Use Newton’s method to approximate the root of x^2 + 4x + 2 = 0 between x = -4
and x = -3 .
Starting at -3:
h(-3.00000) = 23.00000 -- next x: -0.70000
h(-0.70000) = 5.29000 -- next x: 0.27963
h(0.27963) = 0.95967 -- next x: 0.55854
h(0.55854) = 0.07779 -- next x: 0.58553
h(0.58553) = 0.00073 -- next x: 0.58579
h(0.58579) = 0.00000 -- next x: 0.58579
Starting at -4:
h(-4.00000) = 34.00000 -- next x: -1.16667
h(-1.16667) = 8.02778 -- next x: 0.10088
h(0.10088) = 1.60667 -- next x: 0.52388
h(0.52388) = 0.17893 -- next x: 0.58449
h(0.58449) = 0.00367 -- next x: 0.58579
h(0.58579) = 0.00000 -- next x: 0.58579
My bad. Misplaced a + sign.
h(-4.00000) = 2.00000 -- next x: -3.50000
h(-3.50000) = 0.25000 -- next x: -3.41667
h(-3.41667) = 0.00694 -- next x: -3.41422
h(-3.41422) = 0.00001 -- next x: -3.41421
To use Newton's method, we need an initial approximation of the root. Let's start by choosing x = -3 since it is within the given interval.
Step 1: Find the derivative of the function.
Let's find the derivative of f(x) = x^2 + 4x + 2.
f'(x) = 2x + 4.
Step 2: Set up the Newton's iteration formula.
The Newton's iteration formula is given by:
x[n+1] = x[n] - f(x[n])/f'(x[n])
Step 3: Apply the Newton's iteration formula.
Let's do the calculations:
x[0] = -3 (our initial approximation)
x[1] = x[0] - f(x[0])/f'(x[0])
= -3 - ( (-3)^2 + 4(-3) + 2 ) / ( 2(-3) + 4 )
= -3 - ( 9 - 12 + 2 ) / ( -6 + 4 )
= -3 - (-1) / (-2)
= -3 + 1/2
= -2.5
Repeat the steps until we reach the desired accuracy or number of iterations.
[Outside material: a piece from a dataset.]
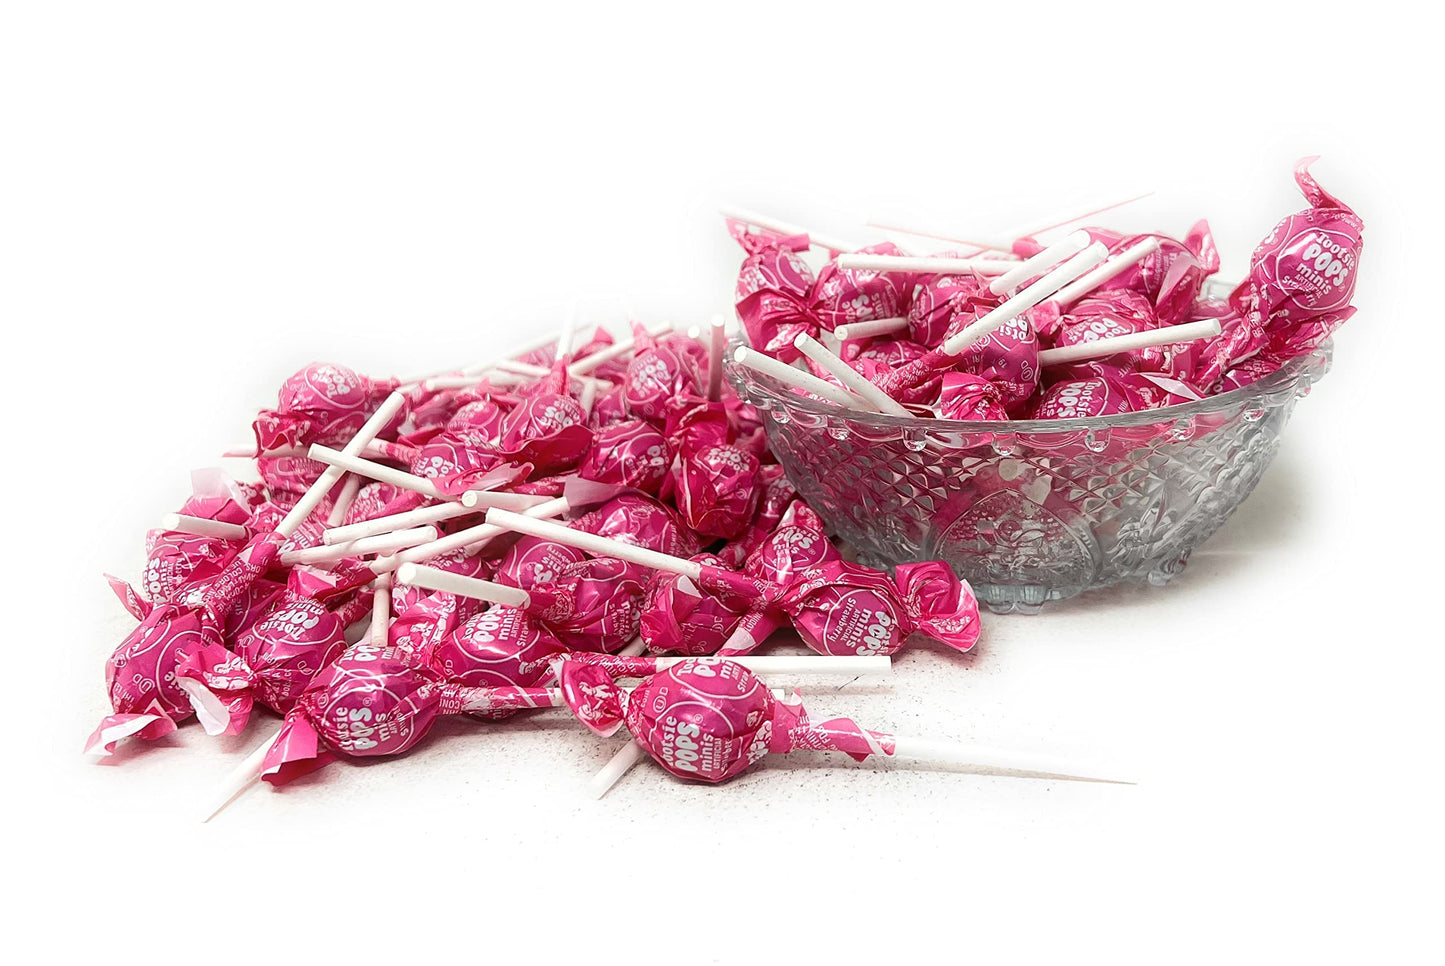 Tootsie Roll Strawberry Mini Pops Filled With Chewy Tootsie Roll Candy - Single Flavor 75+ Count Lollipops 1 Lb (16 Oz)

Step 4: Further iterations.
Let's continue the iteration:
x[2] = x[1] - f(x[1])/f'(x[1])
= -2.5 - ( (-2.5)^2 + 4(-2.5) + 2 ) / ( 2(-2.5) + 4 )
= -2.5 - ( 6.25 - 10 + 2 ) / ( -5 + 4 )
= -2.5 - (-1.75) / (-1)
= -2.5 + 1.75
= -0.75
Repeat the process until the desired accuracy is achieved or the number of iterations is reached.